Unterdimensionieren Sie die Nennwerte der Komponenten nicht. Ein Überspannungsschutzwiderstand mit unzureichender Nennleistung wird überhitzen und ausfallen. Ein Snubber-Kondensator mit zu niedriger Nennspannung wird kaputtgehen und einen Kurzschluss verursachen. Berücksichtigen Sie stets erhebliche Sicherheitsmargen.
Platzieren Sie Schutzschaltungen nicht weit entfernt von der Spannungsquelle. Um eine maximale Wirksamkeit zu erzielen, sollten Schutzkomponenten physisch so nah wie möglich an der Komponente platziert werden, die sie schützen. Direkt an den Lastklemmen für Dioden oder direkt an den Relaiskontakten für Snubber. Lange Drähte erhöhen die Induktivität und können die Leistung des Schaltkreises verringern.
Bauen für Langlebigkeit
Die Implementierung der Lichtbogenunterdrückung ist nicht optional. Es ist ein grundlegender Bestandteil eines robusten und zuverlässigen Elektrodesigns. Die zerstörerische Kraft eines unkontrollierten induktiven Stoßes ist der Hauptgrund für einen vorzeitigen Relaisausfall. Wie wir gesehen haben, sind die Lösungen sowohl effektiv als auch zugänglich.

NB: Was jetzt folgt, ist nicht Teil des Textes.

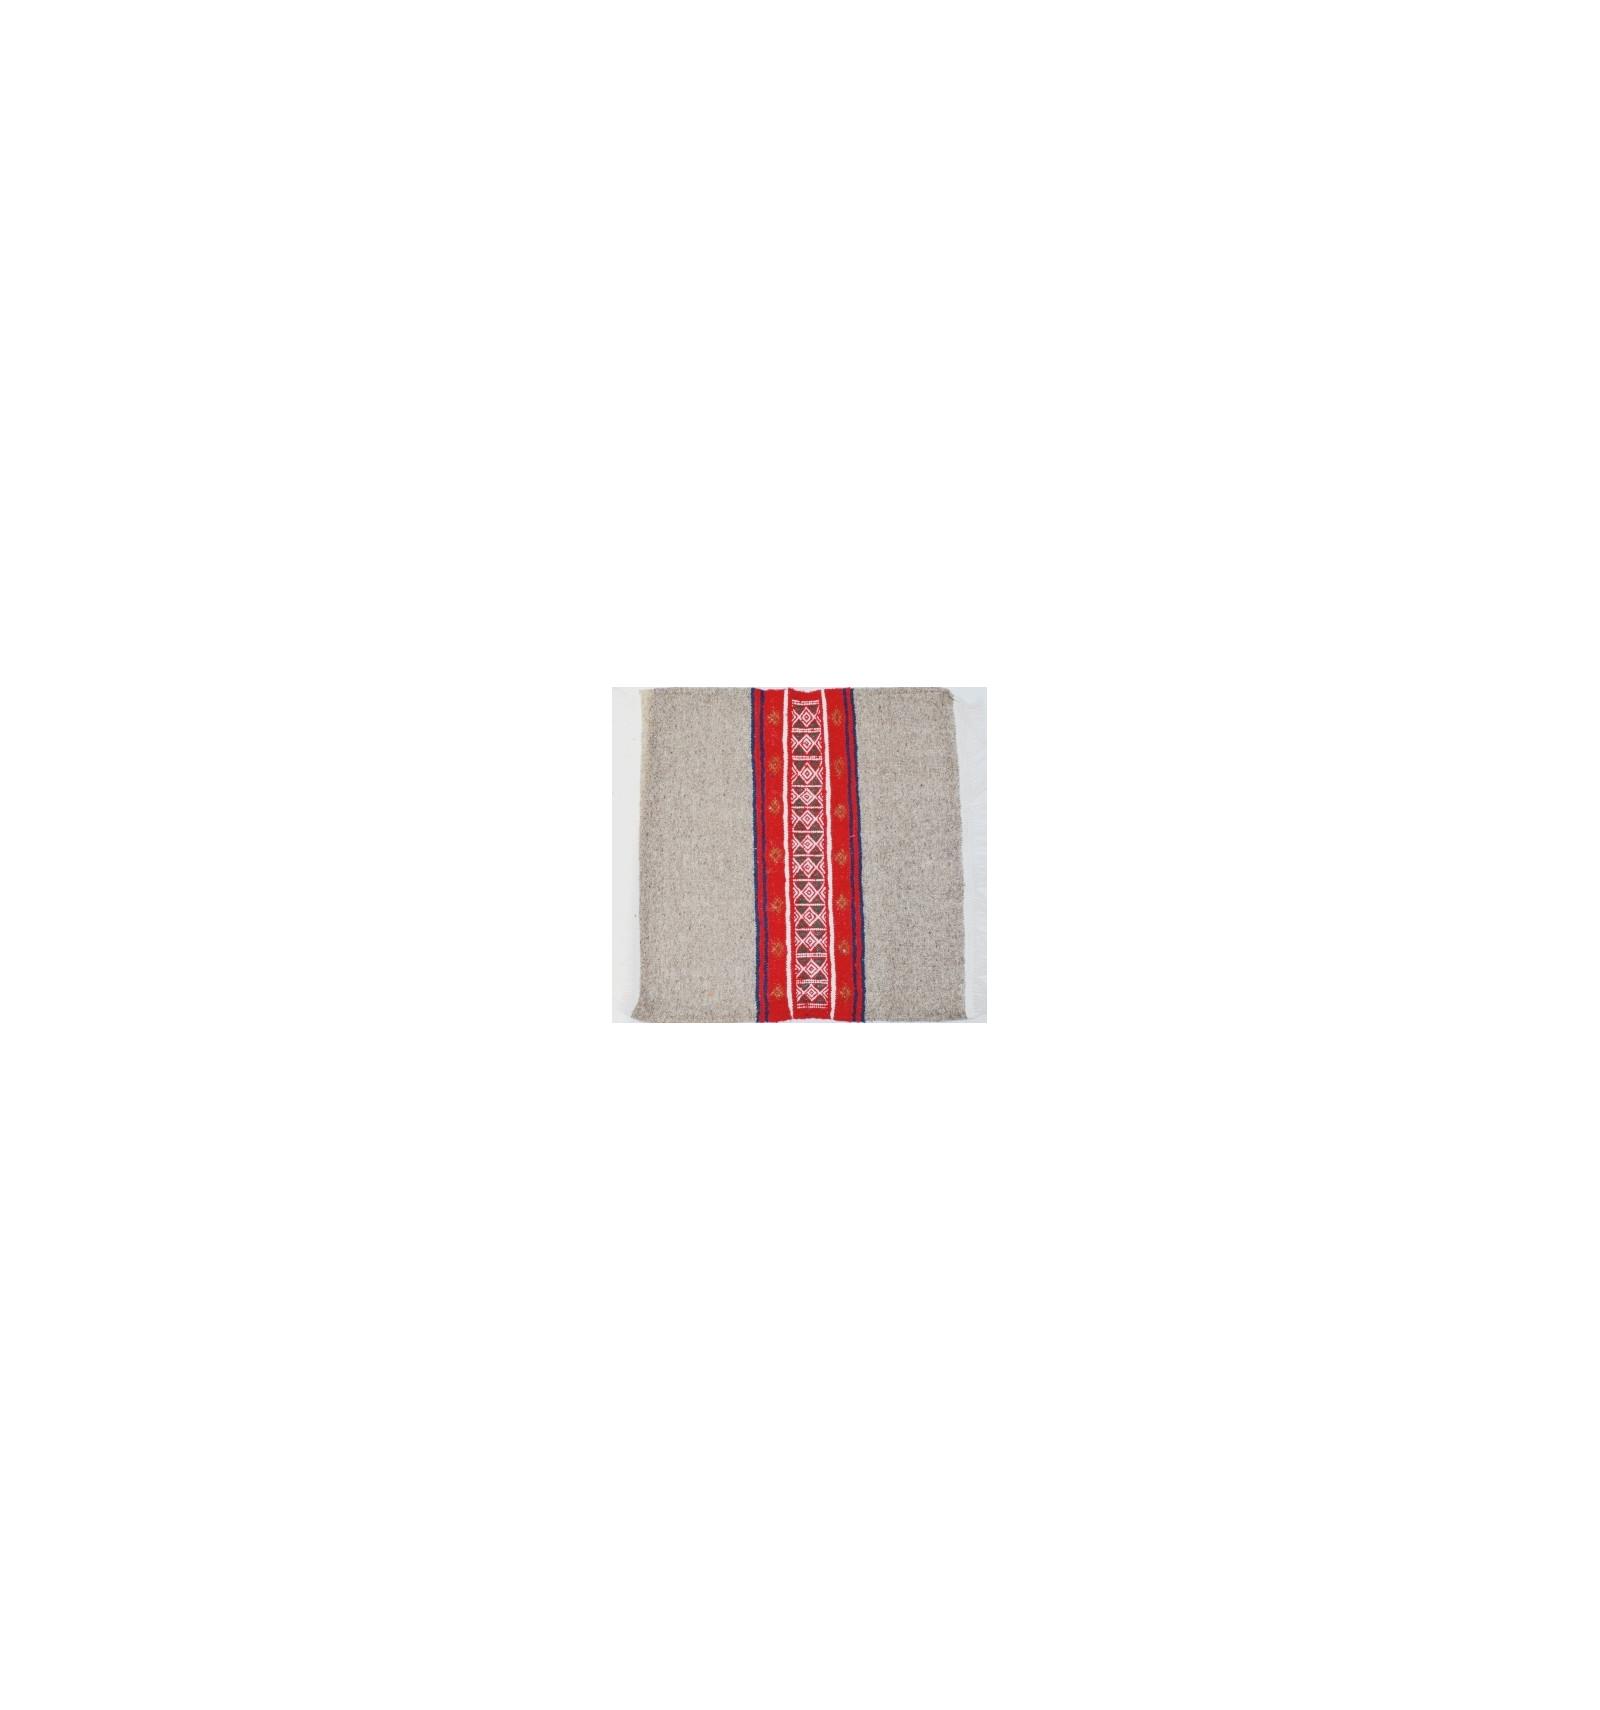 Carreau de chaise touareg rouge 54 x 54 - Carreau de chaise ...

Indem Sie die Ursache der Kontakterosion verstehen und systematisch den richtigen Schutz anwenden-Flyback-Dioden für Gleichstromlasten, RC-Dämpfer für Wechselstromlasten oder MOVs für vorübergehende Überspannungen-können Sie die Frustration unerwarteter Ausfälle überwinden.

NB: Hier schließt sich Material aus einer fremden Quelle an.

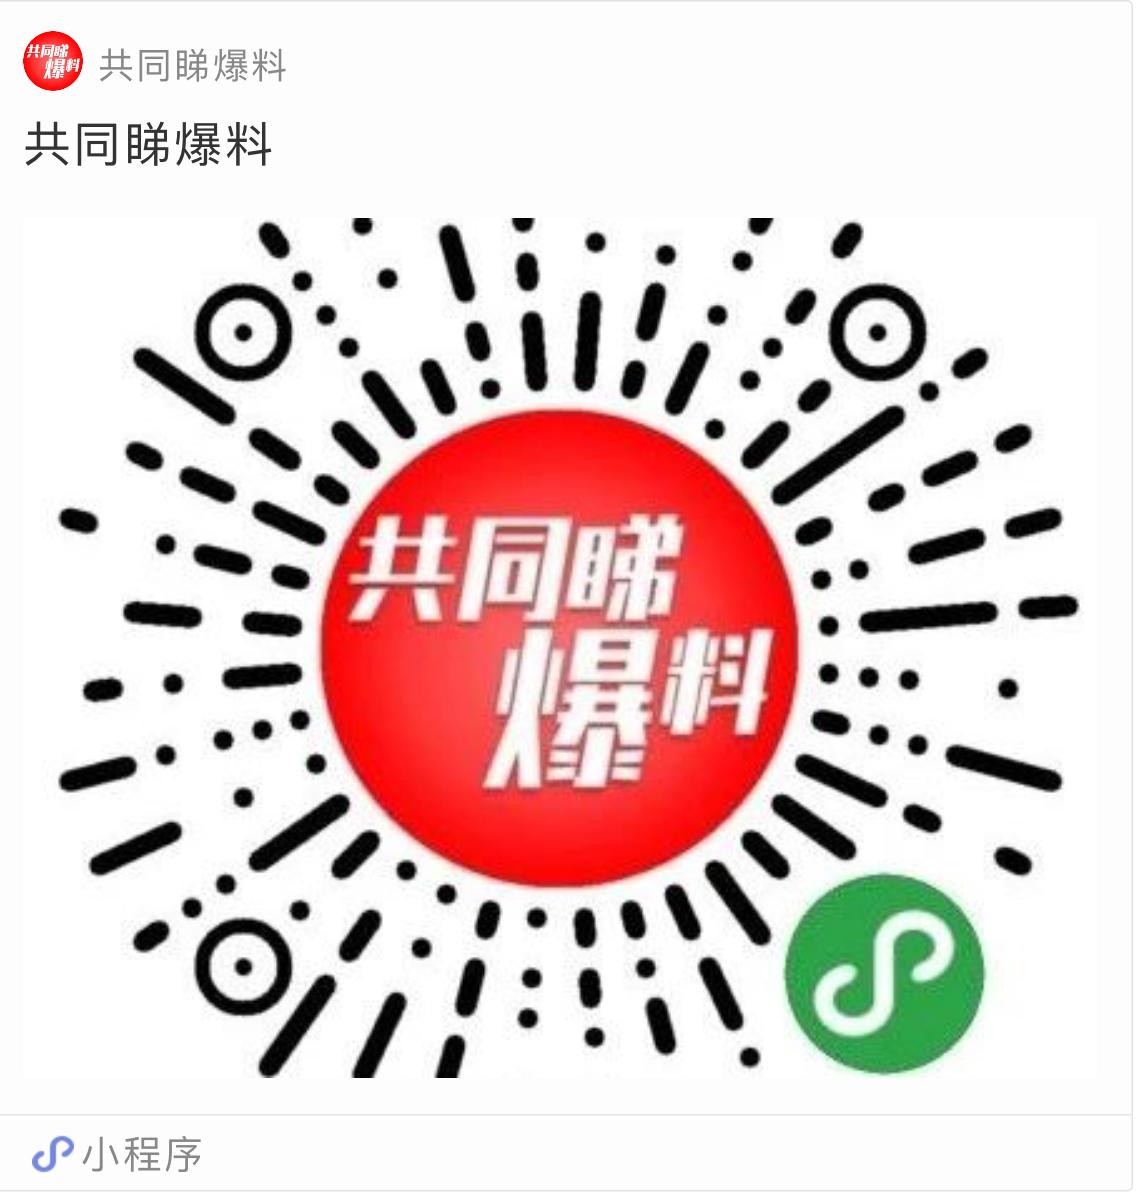 邑网通推出共同睇爆料小程序  市民动动指头可获报料费

Mit diesen Techniken können Sie Systeme entwerfen, die nicht nur funktional, sondern auch langlebig sind. Es ist eine kleine Investition, sich die Zeit zu nehmen, ein paar einfache Komponenten hinzuzufügen. Es zahlt sich enorm in der Zuverlässigkeit aus und verlängert die Lebensdauer des Relais erheblich.